Insight: AWQ takes the opposite approach. Instead of fixing mistakes after they happen, it identifies the 1% of salient weights (based on activation variance) and multiplies them by a scale $s$, while dividing the corresponding activations by $s$ ($Wx = (W \cdot s)(x / s)$). This shrinks the salient weight into the grid, preserving it without blowing up the scale.
4. KV Cache Compression: The 1M Token Challenge
At 1M tokens, the KV cache dwarfs the model weights. For Qwen3-8B, the weights take 16 GB, but the KV cache for a 1M token context demands 147 GB. Scaling requires attacking this from multiple axes:
1. Shrink the State: Multi-Head Latent Attention (MLA)
Standard MHA caches $K$ and $V$. MLA (used in DeepSeek models) never materializes them. Instead, it compresses them into a single 576-dimensional latent vector $c^{KV} = W_{DKV} h$. During generation, it recovers the keys and values linearly:
\(k^C = W_{UK} c^{KV}\) \(v^C = W_{UV} c^{KV}\)
Crucially, it splits the rotary positional embeddings (RoPE) into a separate 64-dim uncompressed vector $k^R$, because positional data resists low-rank compression. This drops the cache size per token from $\sim 2300$ KB (in standard MHA) to just 70 KB, a 98% reduction.
2. Shrink the Bits: KIVI and Rate-Distortion
You can quantize the cache, but activations have structural quirks.

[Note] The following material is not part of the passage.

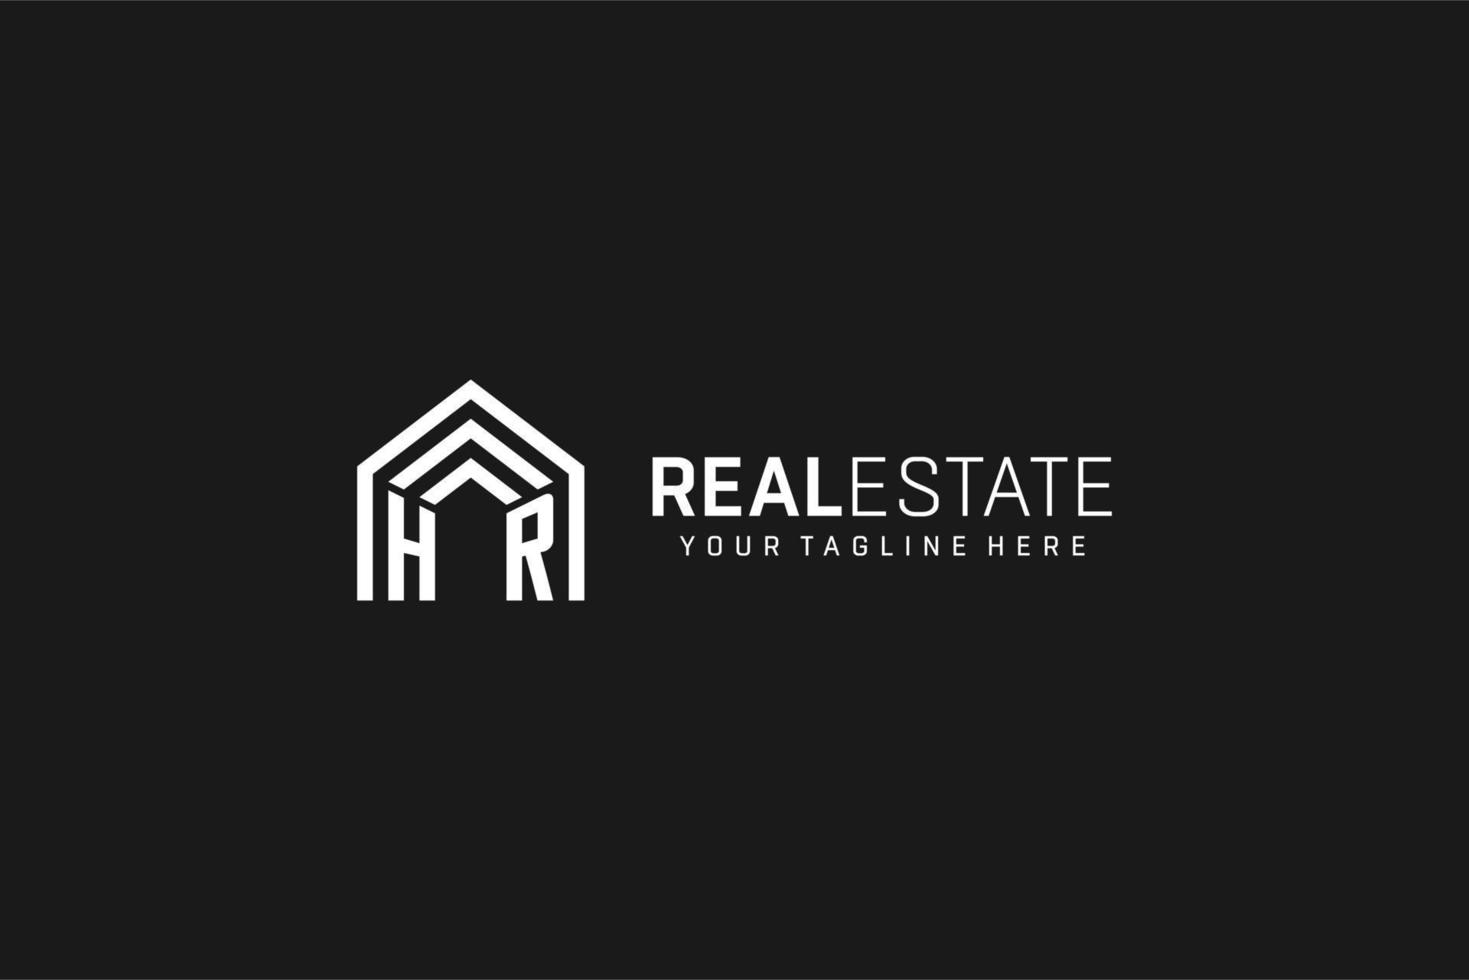 Letter HR house roof shape logo, creative real estate monogram logo style vector

KIVI notices that $K$ has extreme outliers along specific channels (due to RoPE), so it quantizes $K$ per-channel. $V$ lacks this structure, so it is quantized per-token. This asymmetry allows 2-bit caching with near-lossless quality.
From an information-theory perspective, scalar quantization of Gaussian data wastes exactly 0.254 bits/sample compared to the optimal Rate-Distortion bound $D(R) = \sigma^2 2^{-2R}$. Methods like TurboQuant randomly rotate the KV vectors to make their coordinates perfectly Gaussian, allowing scalar quantizers to exactly hit the $R(D)$ limit without calibration.
3. Read Less: Sparse Attention
Even if stored compactly, decoding 1M tokens requires scanning 1M states. Sparse Attention algorithms (like NSA, MoBA, or DSA) learn to route queries to a small top-$k$ subset of blocks ($k \ll L$), dropping read times by an order of magnitude. (DSA in particular powers long-context serving in DeepSeek-V3.2.)
By stacking these orthogonal techniques (e.g., MLA $\to$ 4-bit Quantization $\to$ NSA sparse reads), the seemingly impossible 147 GB / 1M token cache is compacted into just a few GB of storage and $\sim 0.5$ GB/token of memory traffic, making it entirely feasible on a single GPU.